Re: "manifold" in mathematics

Posted by Roger Critchlow-2 on
URL: http://friam.383.s1.nabble.com/manifold-in-mathematics-tp3385914p3386710.html

A manifold is something that can't be a function because it is multi-valued where a function must be single-valued.

A circle, the set of points which satisfy the equation x^2 + y^2 = r^2, is a manifold of points because there are two values of y that satisfy the equation for each value of x, -r < x < r.  If we restricted ourselves to y >= 0 (or to y <= 0) then we would get a set of points which is a function of x. 

-- rec --

On Tue, Aug 4, 2009 at 11:12 AM, Nicholas Thompson <[hidden email]> wrote:

I wonder if anybody has any comment to make on the following passage from EB holt? (Remember, I am the guy who tends to ask questions of PEOPLE when he should look them up, so feel free to ignore me here.) 
 
Holt (1914) writes:  "If one is walking in the woods, and remarks that "All this is Epping Forest," one may mean that this entire manifold of some square miles is the forest; or else, that every twig and leaf which one sees, in short, every least fragment of the whole is Epping Forest.  The former meaning is the true one; the latter meaning is absolutely false.

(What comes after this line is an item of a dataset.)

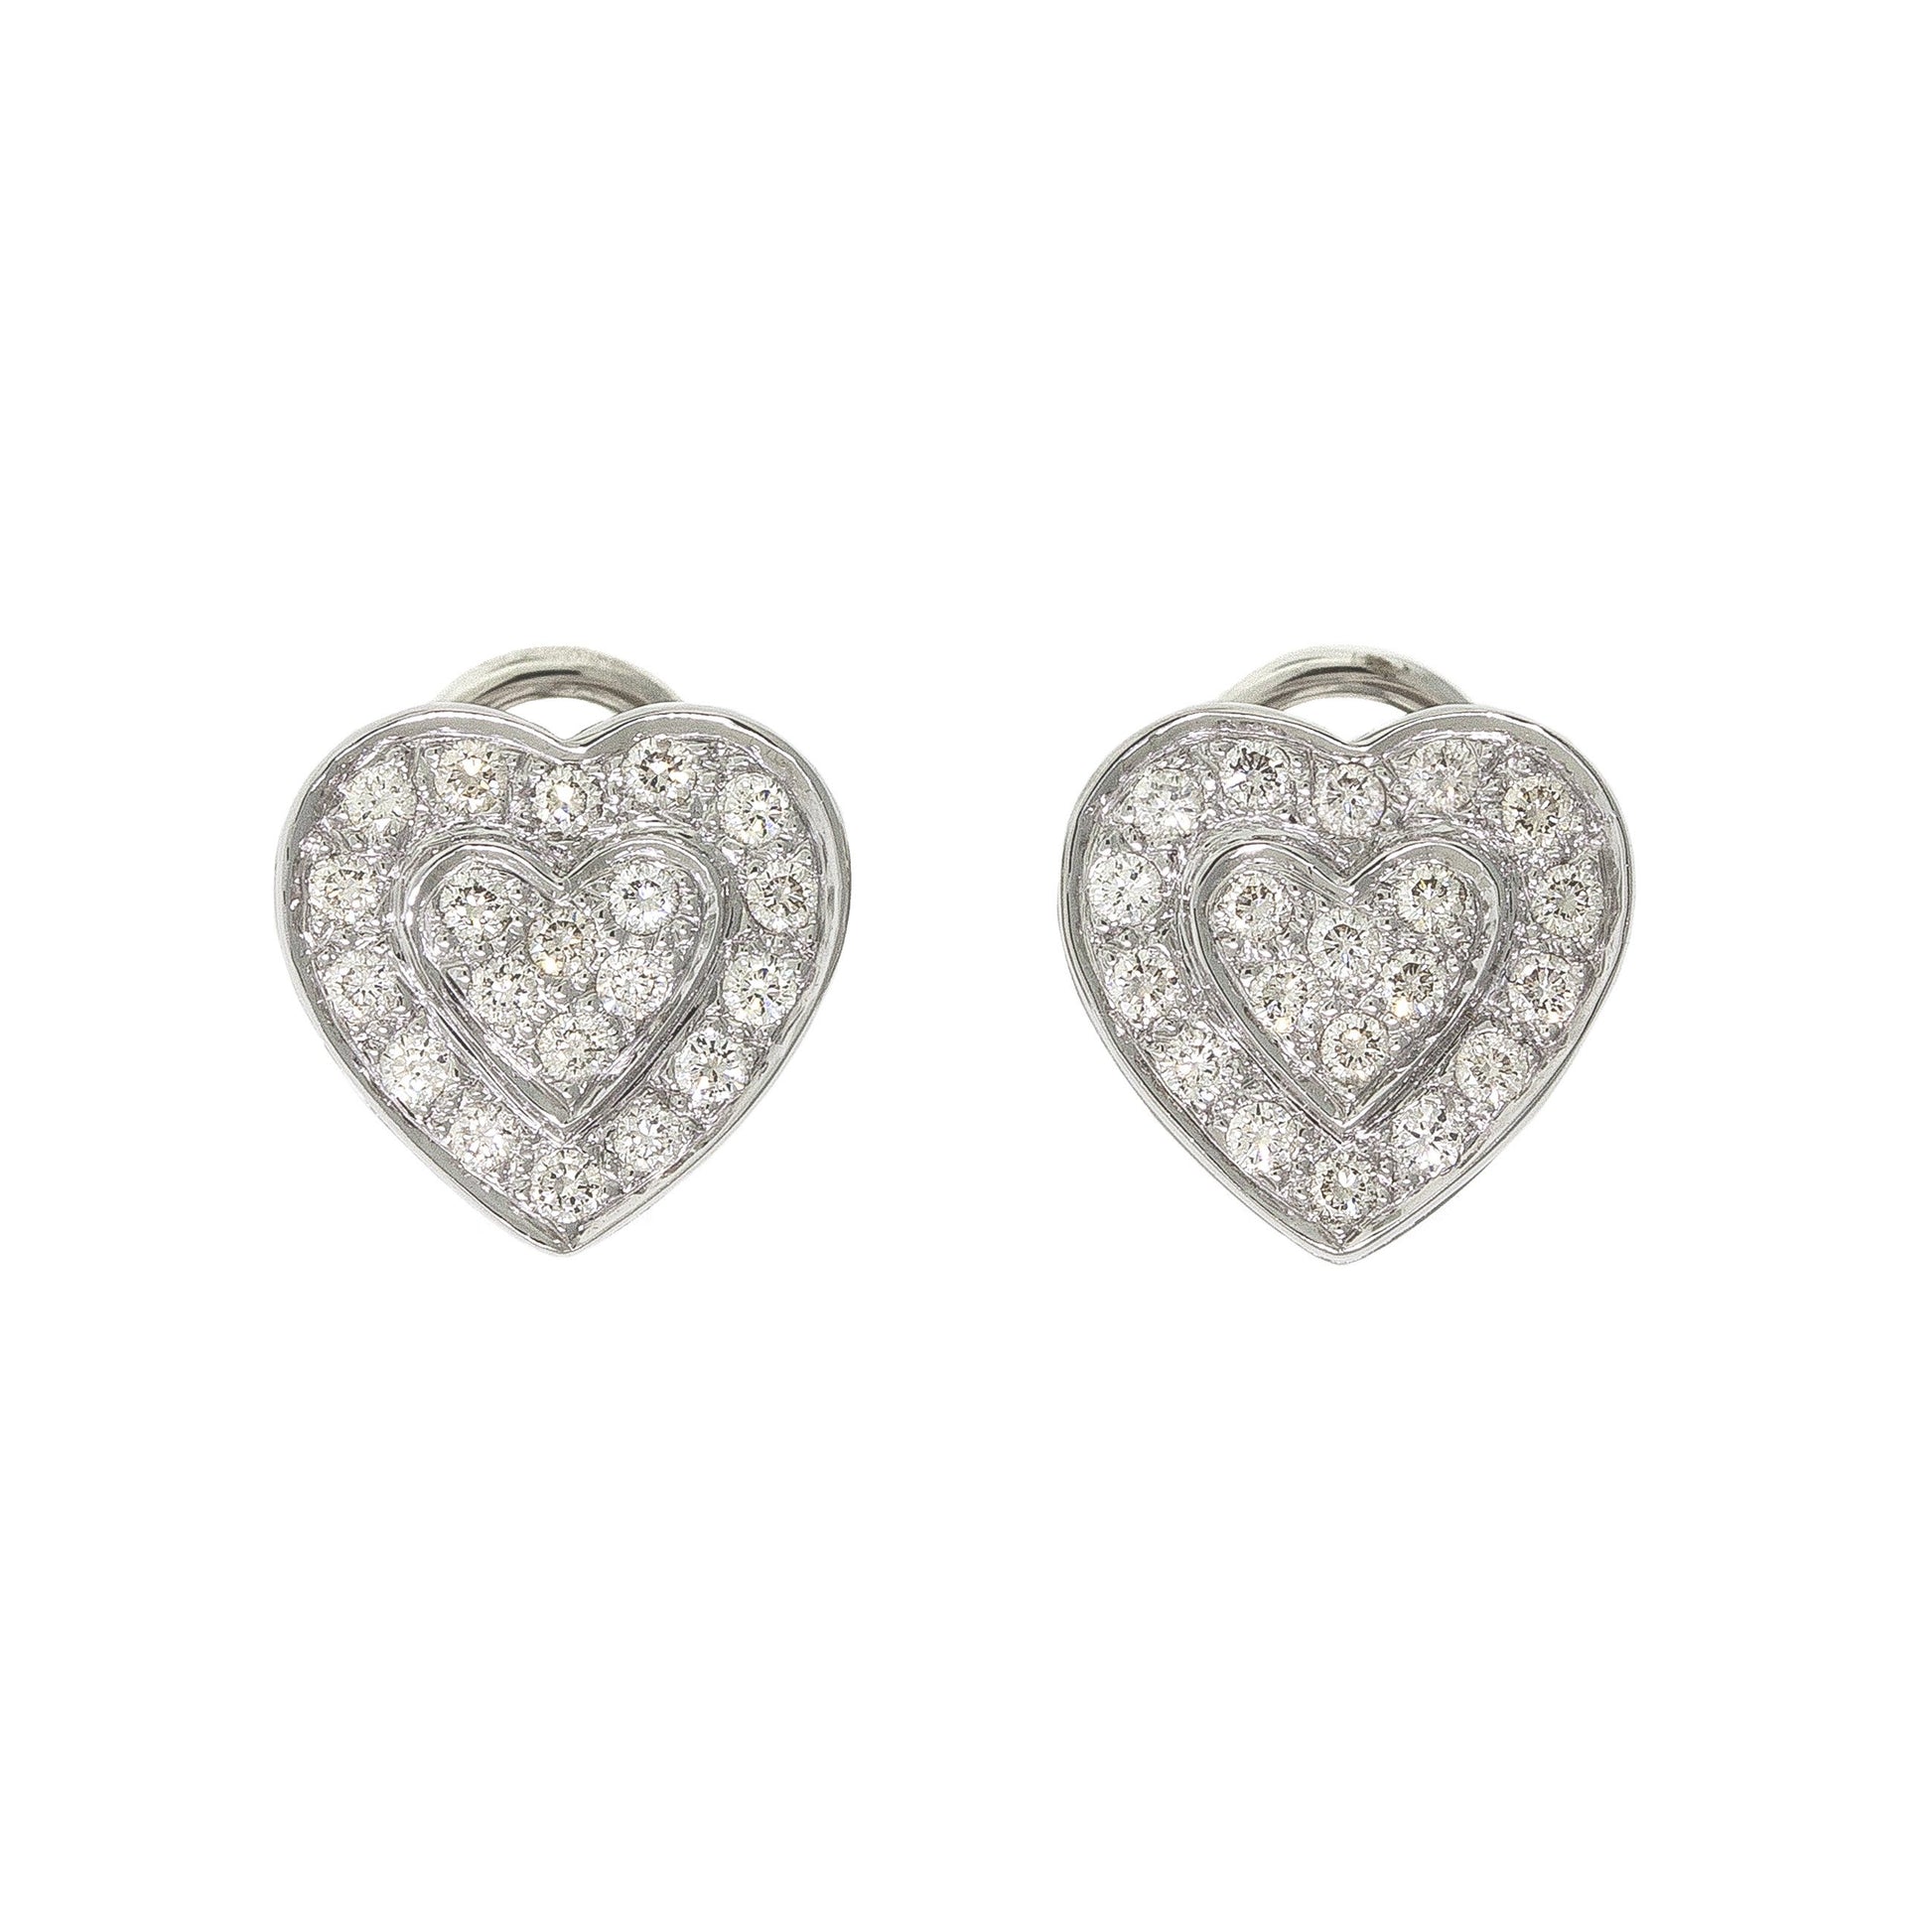   Diamond Earrings

Everyone admits that while a circle is a manifold of points, a single point is not a circle; while a house is a manifold of bricks, boards and nails and any single brick is not a house. "
 
I am interested in this concept of "manifold" .  Can anybody make the metaphor come alive for me?   Is it like a shroud?   
 
Nick  
 
 
Nicholas S. Thompson
Emeritus Professor of Psychology and Ethology,
Clark University ([hidden email])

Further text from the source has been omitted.